La economía argentina sufre múltiples problemas cambiarios. A pesar de tener un superávit comercial récord y fuertes controles a la compra de divisas, el Banco Central viene sosteniendo al dólar oficial hace ya varios meses, vaciando sus Reservas netas en el intento. Por lo tanto, este tipo de cambio, esta demanda de dólares y este cepo no pueden convivir mucho tiempo más, especialmente en un contexto de casi nulas Reservas líquidas. Alguien tiene que ceder.

Ahora bien, una devaluación aceleraría la inflación, golpeando al poder adquisitivo y agravando la crisis de la economía real. Por otro lado, este cepo, ya mayor al del período 2012-2015, asfixia el normal funcionamiento de la actividad productiva, desalentando cualquier tipo de planeamiento o inversión que vaya más allá del micro corto plazo. Por último, no parece posible aumentar las Reservas en el futuro inmediato: no es viable exportar más ni que vengan inversiones, y los mercados de crédito en divisas están cerrados para nuestro país.

¿No hay alternativa? Para pensar una salida, puede ser interesante separar a la dinámica cambiaria en dos planos: uno comercial-real y otro financiero. El primero es superavitario y no presenta grandes problemas de atraso. Por lo tanto, el dólar oficial no sufriría grandes correcciones por esta vía.

En cambio, en el segundo nivel sí hay problemas. Producto de la elevada incertidumbre que domina a nuestra economía desde hace algunos años, el stress que aportó la pandemia y, no menor, la desconfianza que tiene una porción significativa del sector privado en el gobierno, hay una demanda de divisas constante por motivos financieros, que redunda en presiones cambiarias siempre latentes.

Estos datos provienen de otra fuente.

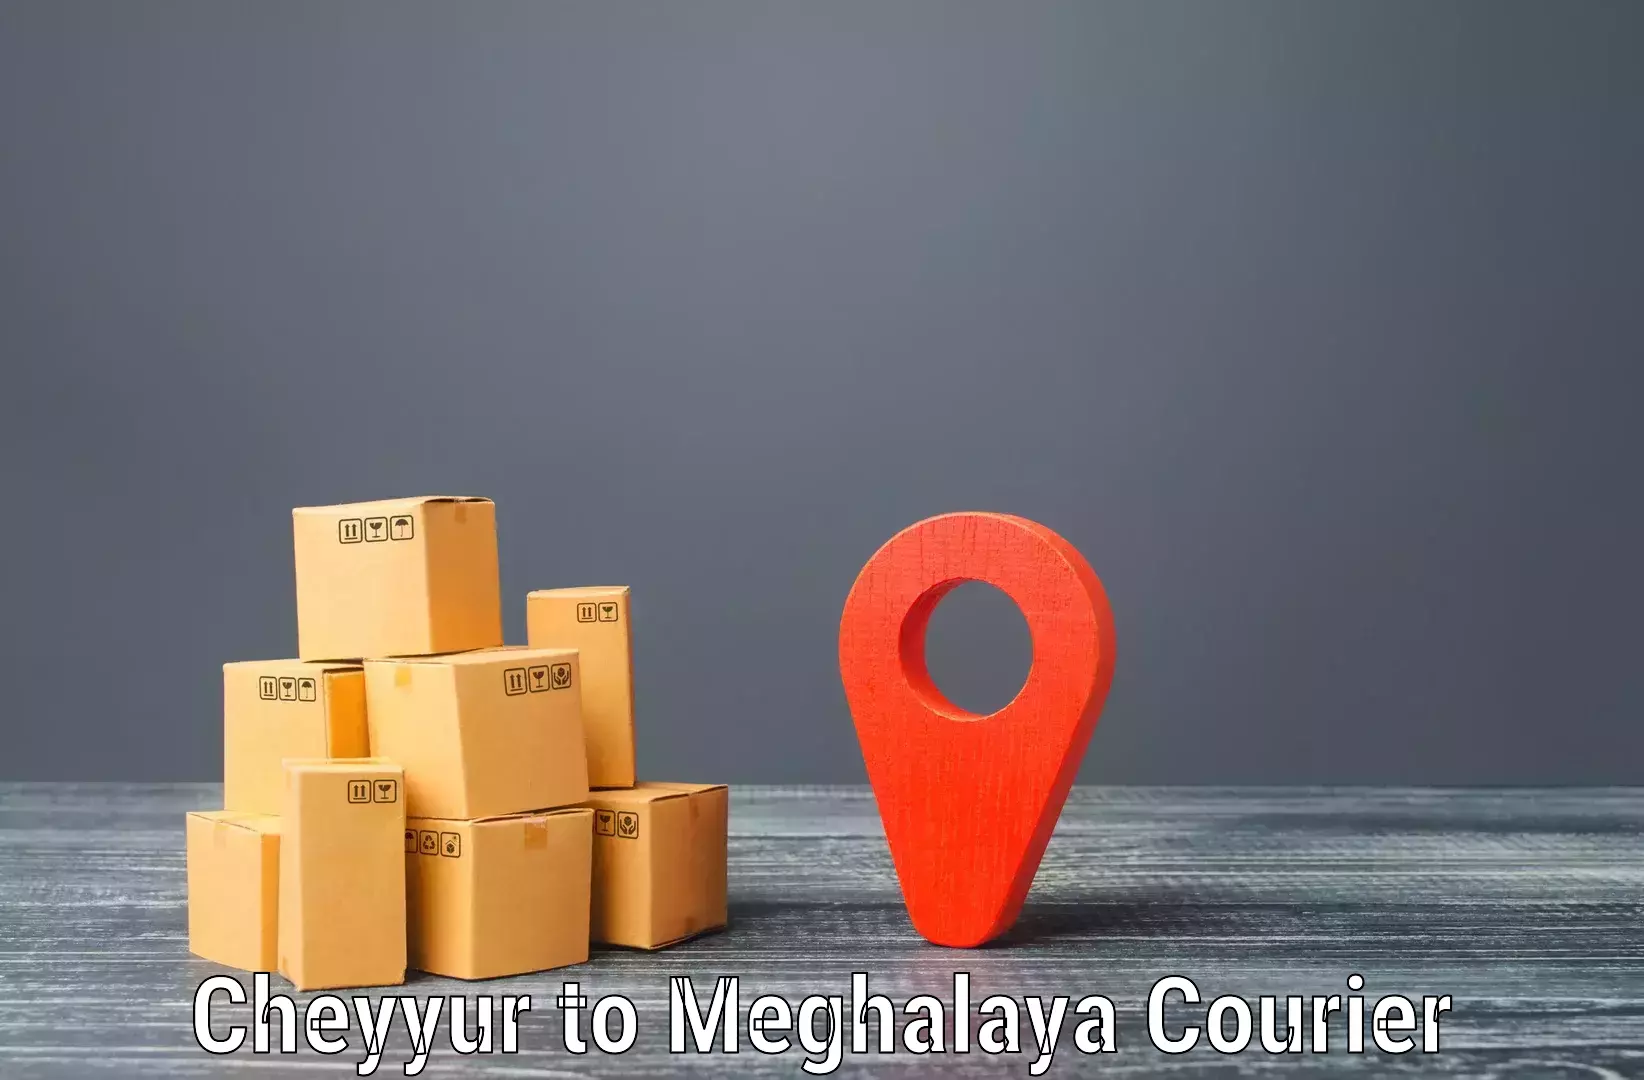 Global shipping networks Cheyyur to Nongstoin

Alcanzado este punto, tiene sentido volver sobre la enfermedad holandesa. En lugar de un sector hiper productivo e hiper generador de divisas, la economía argentina tiene hoy un sector “hiper deficitario”. Por lo tanto, enfrentaríamos una suerte de “salud holandesa” o enfermedad holandesa a la inversa, donde, sin embargo, las recomendaciones de política son similares: minimizar el impacto del sector “excepcional” sobre el resto de la economía.

Dado que el tipo de cambio oficial es un solo precio que refleja la oferta y la demanda de flujos comerciales y financieros, y que ambos muestran dinámicas incompatibles en la actualidad, podría sincerarse esta situación y separar ambas “realidades”. De esta manera, tendríamos un dólar comercial, que serviría para exportar e importar bienes y servicios, y otro financiero, que serviría, justamente, para las operaciones financieras y de ahorro, además de sectores puntuales que pueden sumarse, como el turismo.

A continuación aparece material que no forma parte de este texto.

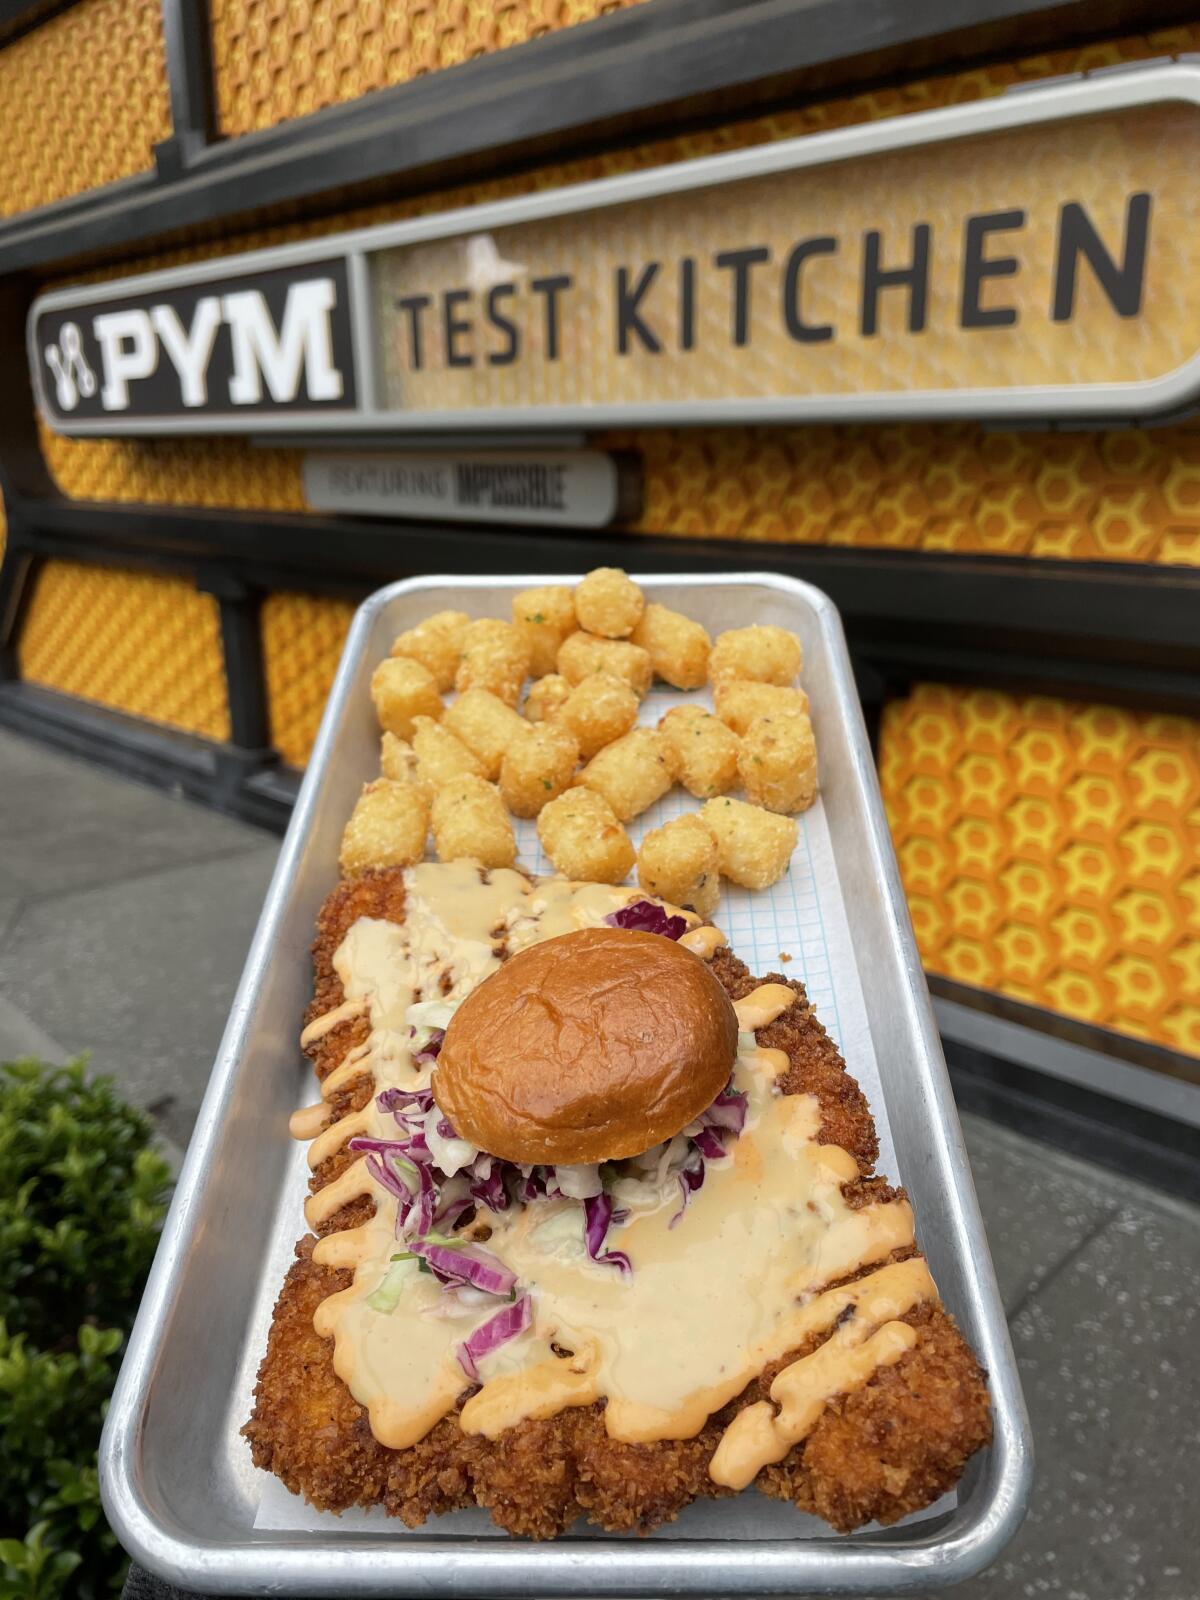 The “Not so Little Chicken Sandwich” from Pym Test Kitchen isn’t just a gimmick; it’s a great value at $15.49.

Mientras que el primero estaría en niveles consistentes con el dólar oficial actual y sería el más relevante para determinar la inflación, el poder adquisitivo y el nivel de actividad, el segundo sufriría una depreciación significativa, pero con un impacto menor sobre las variables antes mencionadas. De esta forma, se calmarían las tensiones y se reduciría el golpe sobre la economía real.

Dicho esto, vale remarcar otra diferencia importante con la enfermedad holandesa: la duración del “sector excepcional”. En el caso petrolero, el mismo era permanente: desde entonces y hasta que se agotara el oro negro -demasiados años-, cada vez más divisas ingresarían al país. Por lo tanto, era necesario una política permanente. En cambio, en esta coyuntura, las presiones excepcionales pueden ceder. Aunque este escenario parece muy lejano en la actualidad, podría pensarse en un desdoblamiento formal transitorio, que dure hasta que las tensiones se relajen o normalicen. Una vez que las mismas cedan -algo que hoy suena a largo plazo-, la brecha se achicaría y los costos de unificar el tipo de cambio serían menores.

En resumen, el mercado cambiario argentino tiene hoy un sector “excepcional”, que provoca una sangría de divisas y presiones devaluatorias constantes, mucho mayores que las del resto del entramado productivo. Convalidar estas tensiones originadas en una parte específica de la economía sería muy nocivo para el resto de los sectores, sobre todo considerando la débil situación en que s encuentran. En cambio, sincerar la incertidumbre que caracteriza al escenario actual, insostenible por el drenaje constante de Reservas que causa el stress financiero, podría ser una salida que minimice las pérdidas, especialmente entendiendo que dos precios reflejan mejor la dinámica de dos mercados.